Take a picture and let it go or keep It and freeze it so you get your name in the record books. 

I would probly have to keep it so I can get it mounted. That's something that doesn't happen that often even though I do release anything with size normally.


----------



## celtic11 (Jun 30, 2011)

Wasn't this just a thread like a week ago.
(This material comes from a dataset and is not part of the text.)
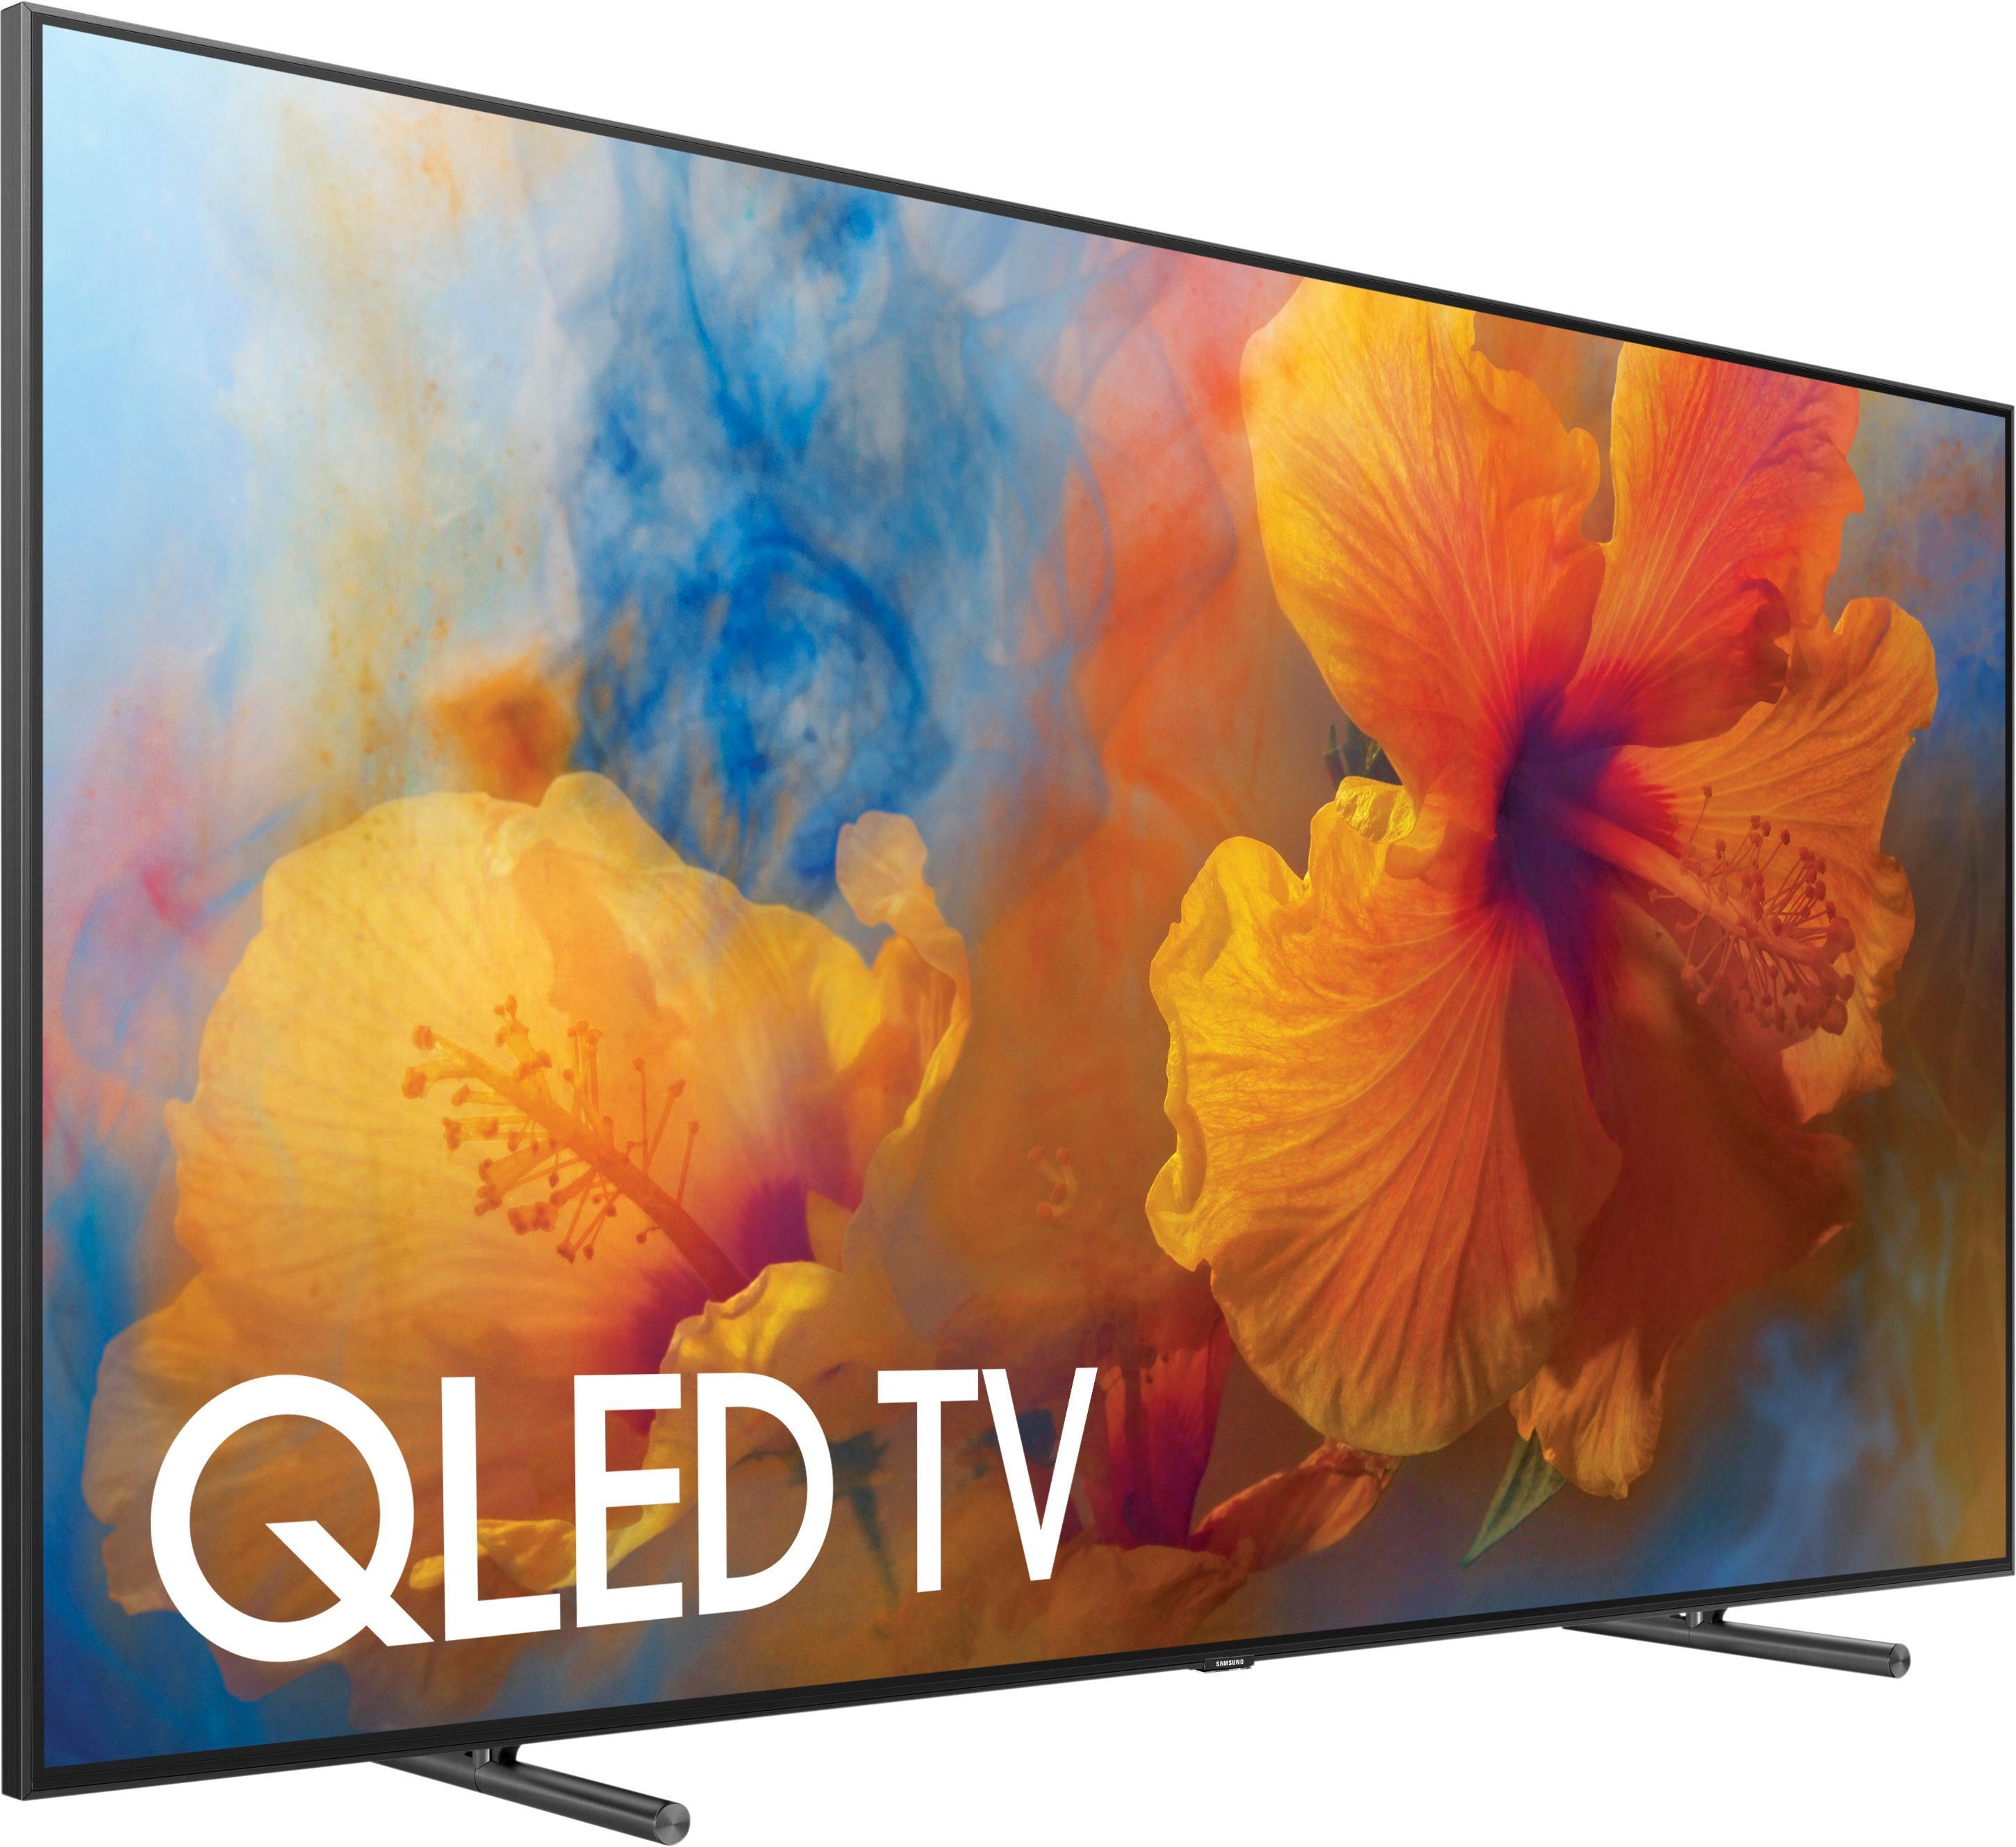 "Samsung QN88Q9FAMFXZA 88"" Class (88"" Diag.) LED 2160p Smart 4K Ultra HD TV with High Dynamic Range"

posted using Outdoor Hub Campfire


----------



## BassAddict83 (Sep 21, 2010)

Take a pic and let it go. I don't fish for fame.


----------



## ARReflections (Jan 7, 2011)

Take a pic and release. A picture with me next to the fish with the surroundings in the background invokes a more powerful memory association than a mounted fish, for me. Plus, I have also experienced catching the same fish in subsequent years; it is like seeing a good friend again.


----------



## rguitar87 (May 15, 2013)

Picture and let it swim away; I always release fish and only use artificial baits.


----------



## Bostonwhaler10 (Apr 30, 2012)

rguitar87 said:


> Picture and let it swim away; I always release fish and only use artificial baits.


Why only artificial. I'm 80% artificial using live bait for catfish only really.


----------



## rguitar87 (May 15, 2013)

Bostonwhaler10 said:


> Why only artificial. I'm 80% artificial using live bait for catfish only really.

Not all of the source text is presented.